Addresses Supply Shortages
- Clarifies that the Strategic National Stockpile can stockpile medical supplies, such as the swabs necessary for diagnostic testing for COVID-19.
- Provides permanent liability protection for manufacturers of personal respiratory protective equipment, such as masks and respirators, in the event of a public health emergency, to incentivize production and distribution.
Increases Access to Healthcare for COVID-19 Patients
- Clarifies that all testing for COVID-19 is to be covered by private insurance plans without cost sharing.
- For COVID-19 testing covered with no cost to patients, requires an insurer to pay either the rate specified in a contract between the provider and the insurer, or, if there is no contract, a cash price posted by the provider.
- Provides free coverage without cost-sharing of a vaccine within 15 days for COVID-19 that has in effect a rating of “A” or “B” in the current recommendations of the United States Preventive Services Task Force or a recommendation from the Advisory Committee on Immunization Practices (ACIP).

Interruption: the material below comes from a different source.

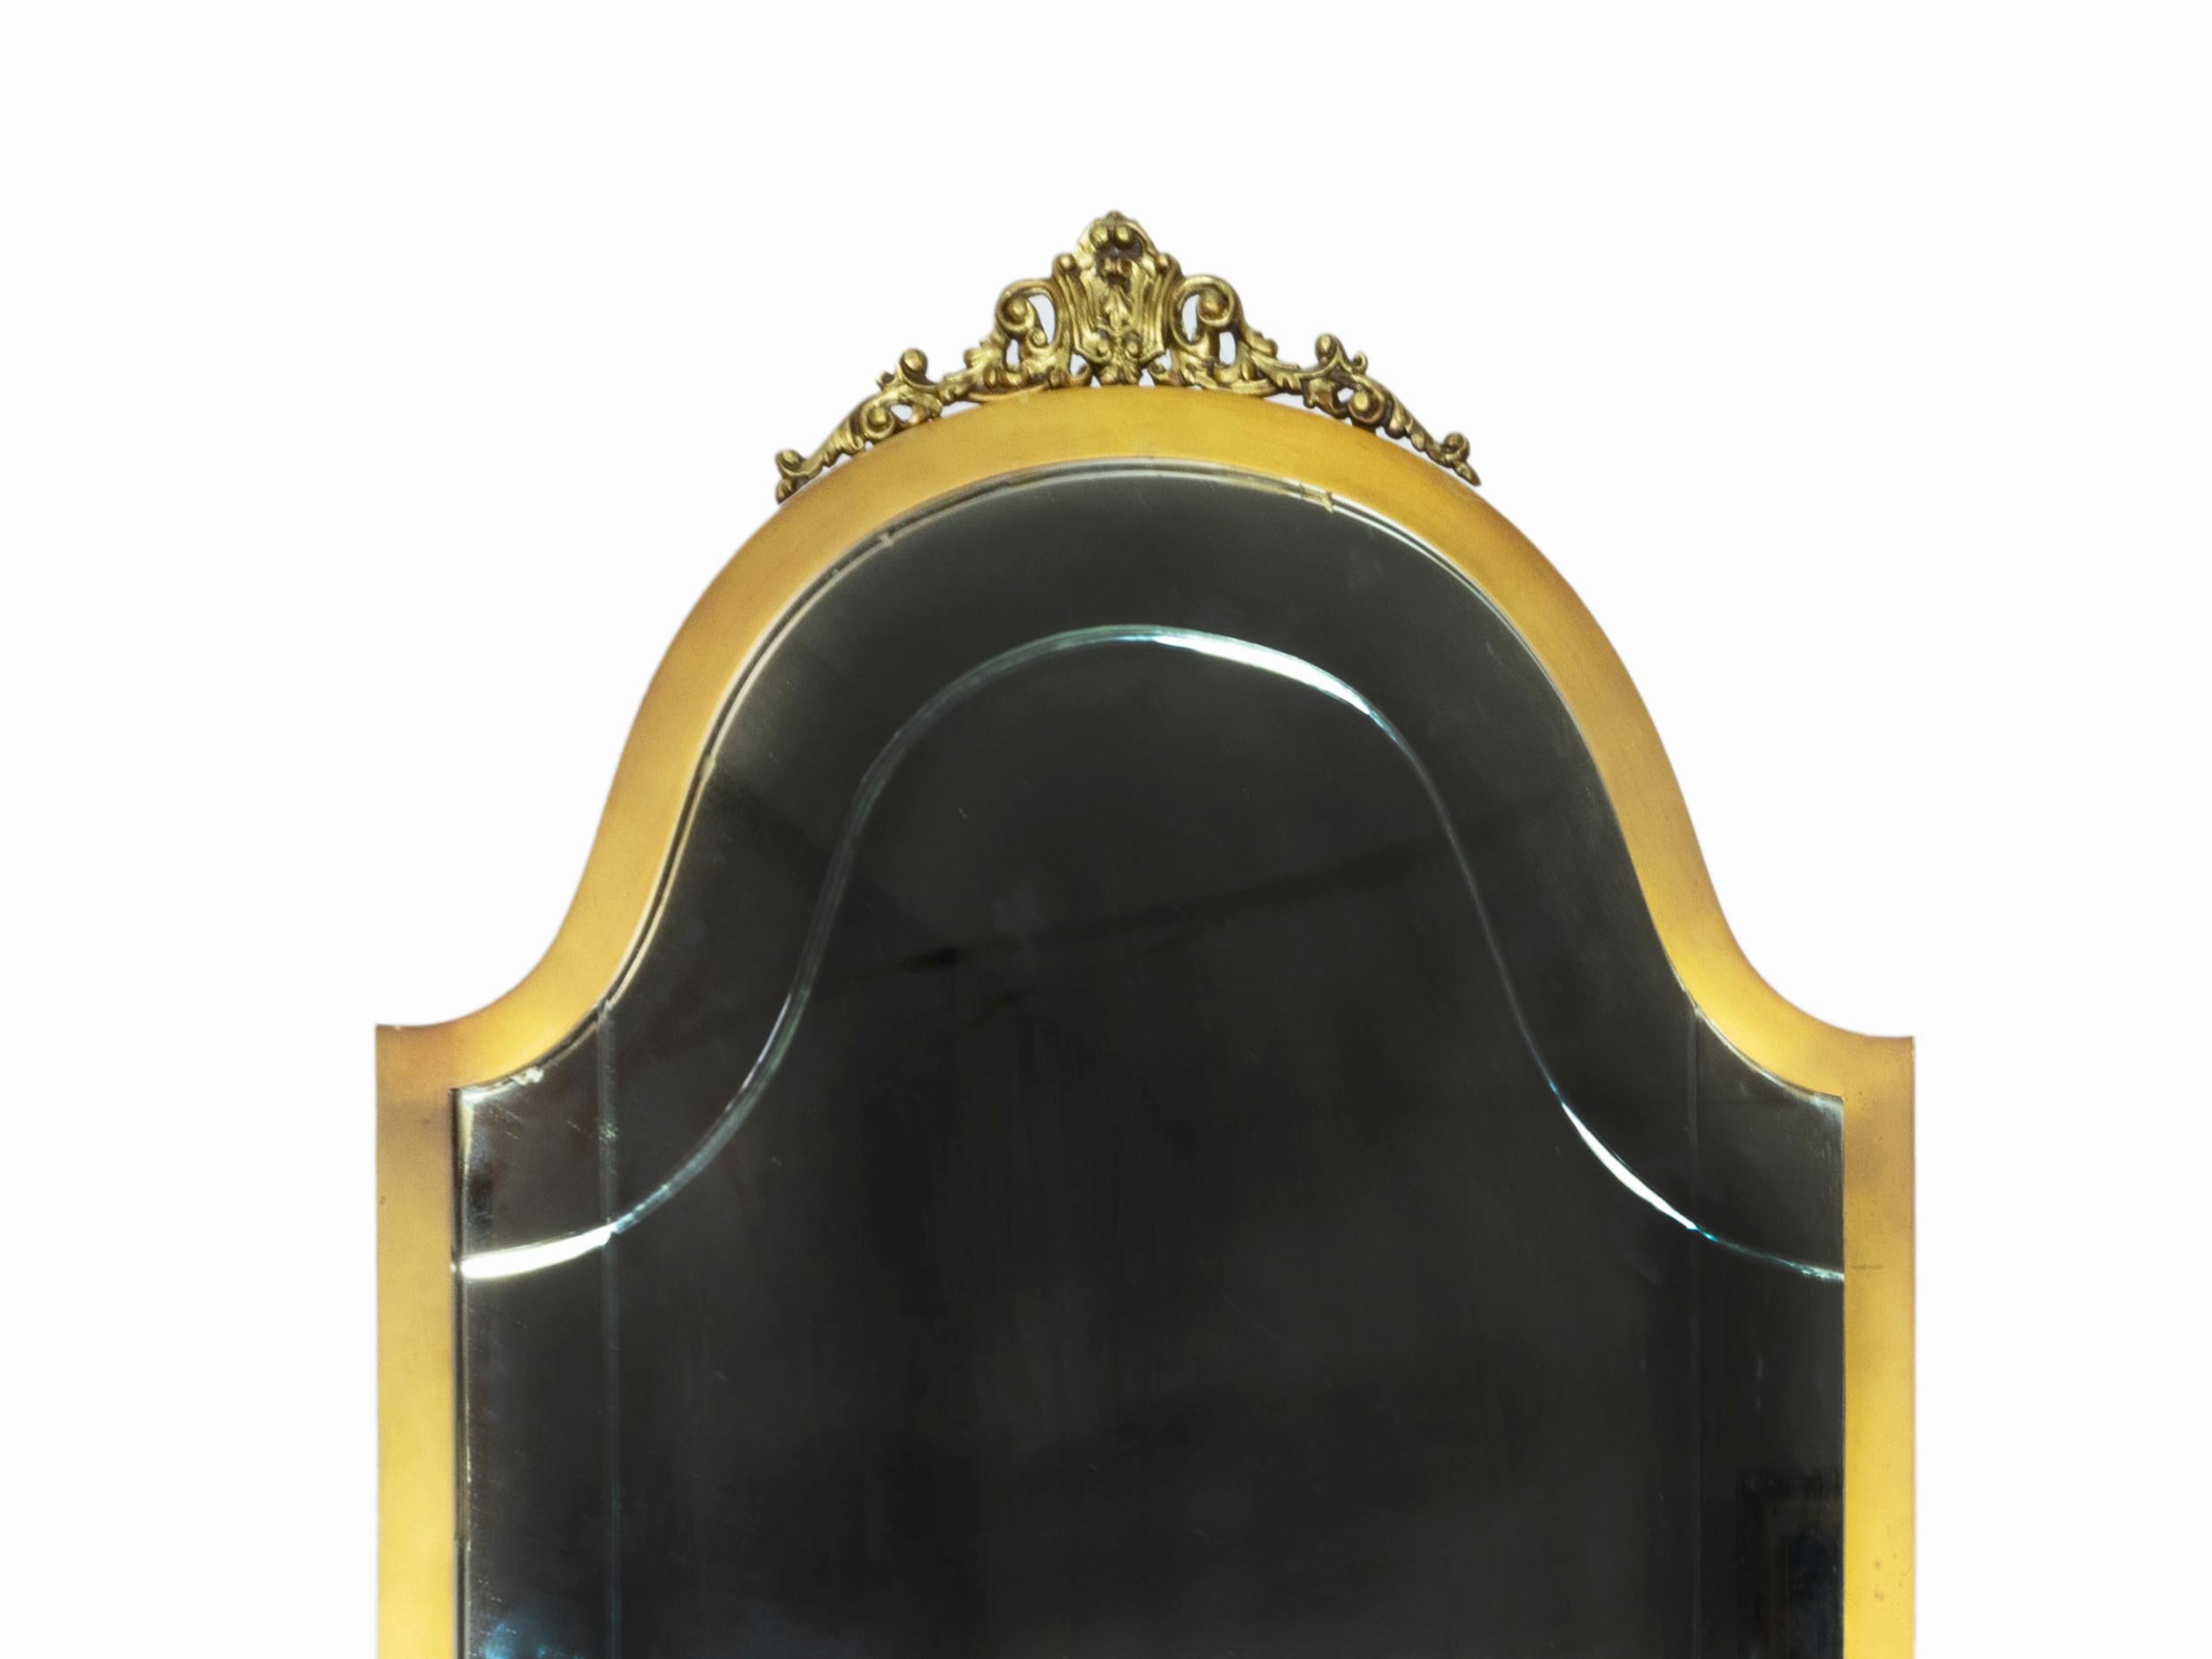 Goldener Spiegel im Louis XV-Stil mit moderner Note.

- Provides $1.32 billion in supplemental funding to community health centers on the front lines of testing and treating patients for COVID-19.

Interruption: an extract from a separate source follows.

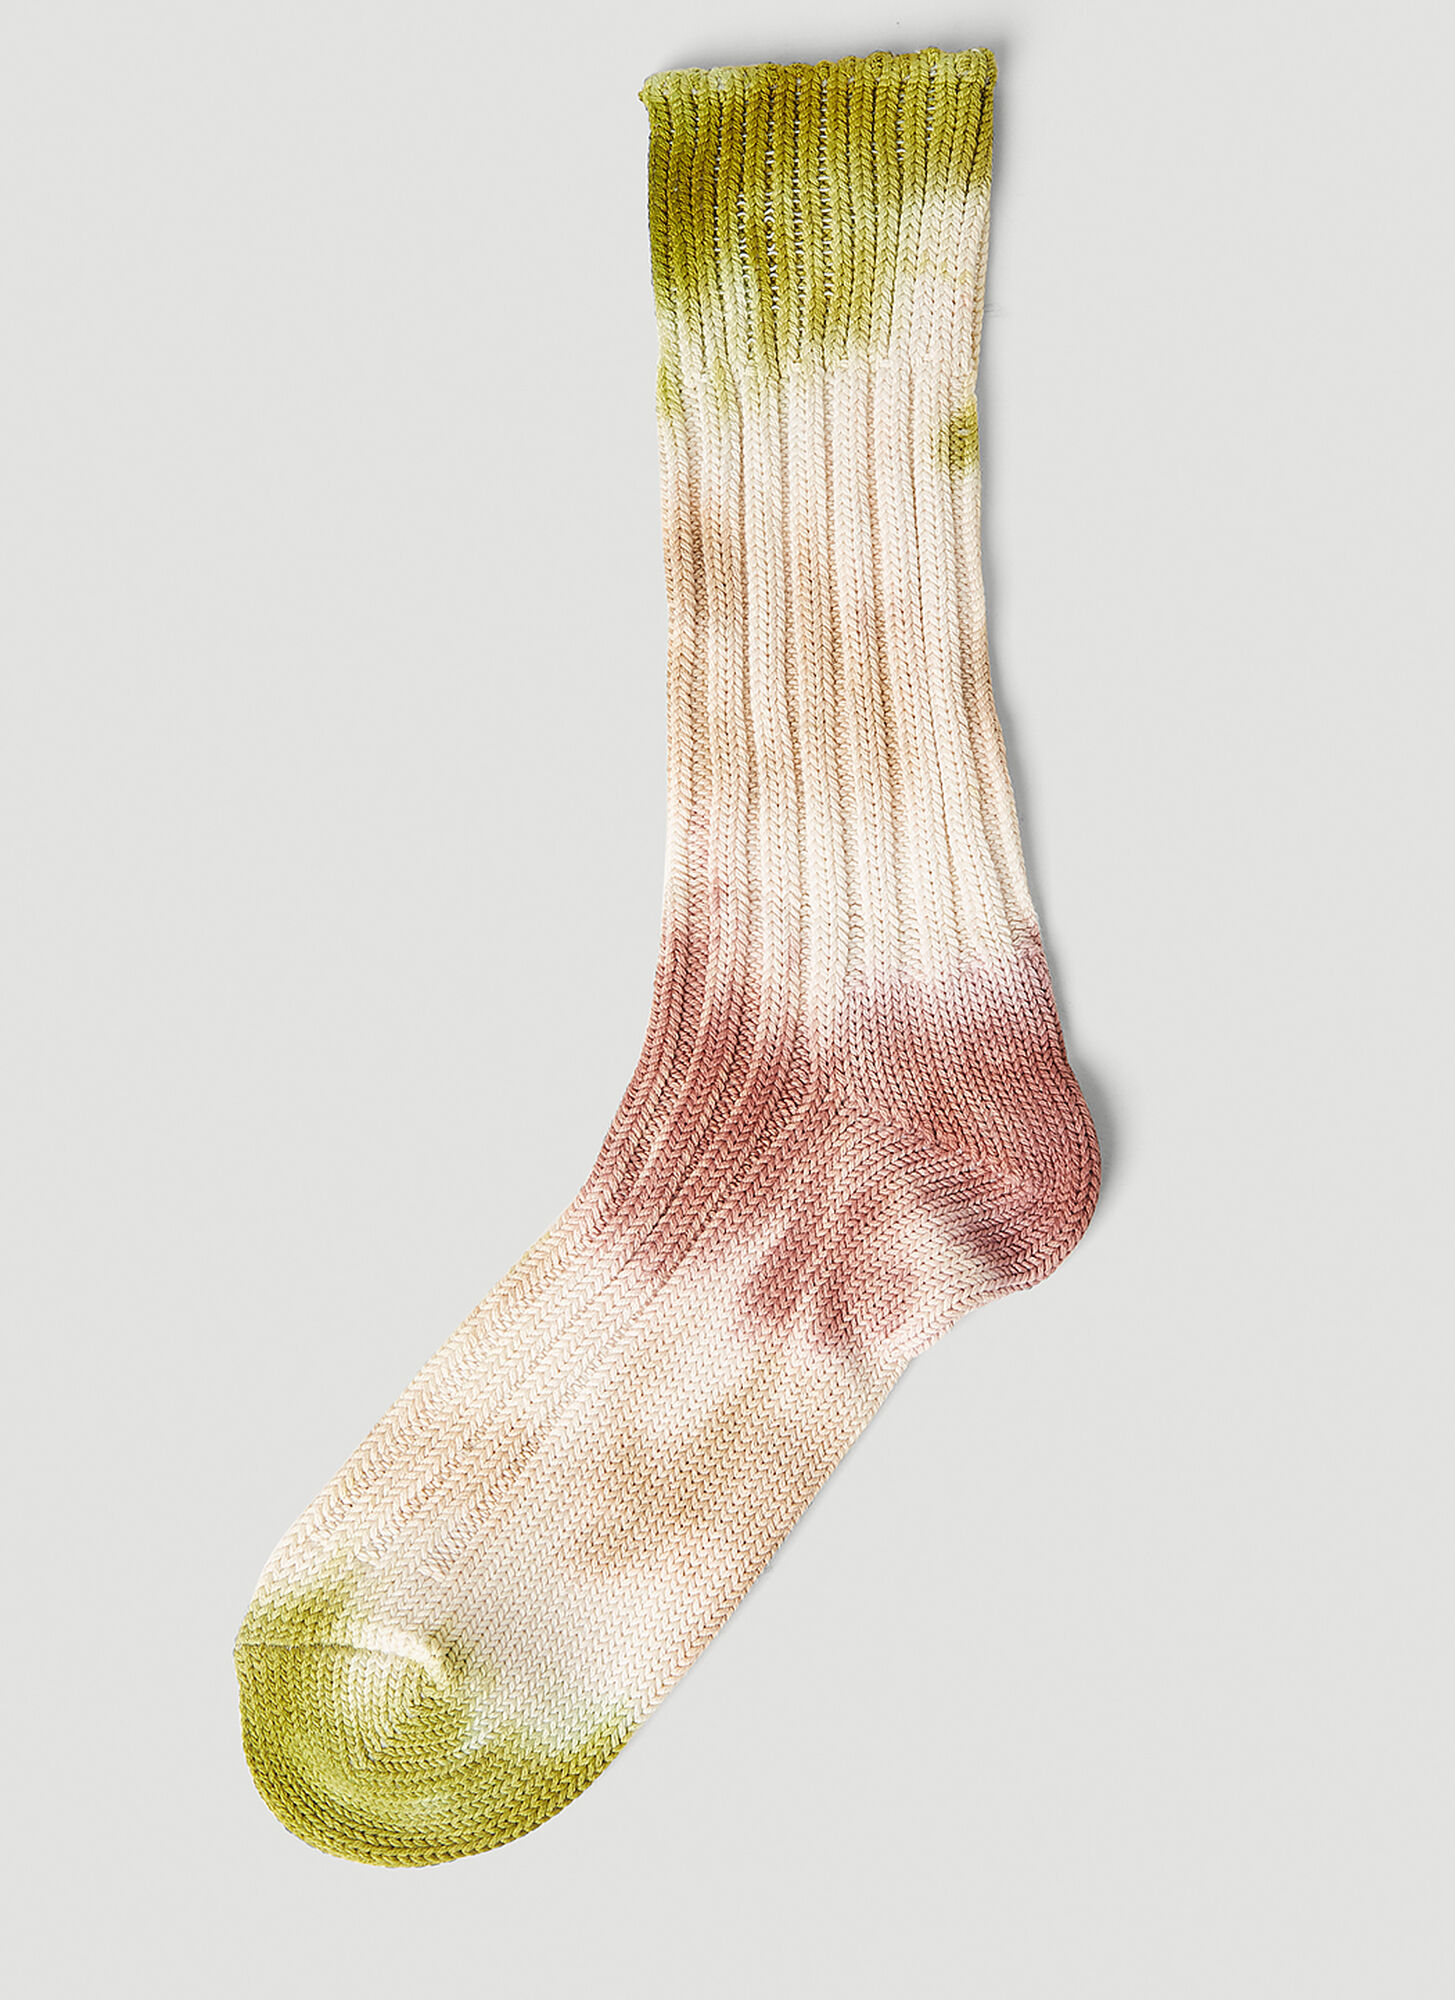 Stain Shade X Decka Socks Tie Dye Socks In Beige

- Reauthorizes Health Resources and Services Administration (HRSA) grant programs that promote the use of telehealth technologies for healthcare delivery, education, and health information services. Telehealth offers flexibility for patients with, or at risk of contracting, COVID-19 to access screening or monitoring care while avoiding exposure to others.
- Reauthorizes HRSA grant programs to strengthen rural community health by focusing on quality improvement, increasing healthcare access, coordination of care, and integration of services. Rural residents are disproportionately older and more likely to have a chronic disease, which could increase their risk for more severe illness if they contract COVID-19.
- Establishes a Ready Reserve Corps to ensure we have enough trained doctors and nurses to respond to COVID-19 and other public health emergencies.
Strengthens Healthcare Workforce
- Reauthorizes and updates Title VII of the Public Health Service Act (PHSA), which pertains to programs to support clinician training and faculty development, including the training of practitioners in family medicine, general internal medicine, geriatrics, pediatrics, and other medical specialties.
- Title VII programs strengthen the health professions workforce to better meet the healthcare needs of certain populations, such as older individuals and those with chronic diseases, who could be at increased risk of contracting COVID-19.
- Title VIII programs help to address current and emerging healthcare challenges by supporting the development of a robust nursing workforce, as nurses are critical in responding to the COVID-19 pandemic and future public health emergencies.
For further information on resources for hospitals and care providers, click HERE.
The FCC’s COVID-19 Telehealth Program will provide $200 million in funding as part of the Coronavirus Economic Recovery Package which Senator Daines supported and fought hard to include. The program helps heath care providers connect with patients directly in their homes by fully funding their telecommunications services, information services, and devices necessary to provide telehealth service.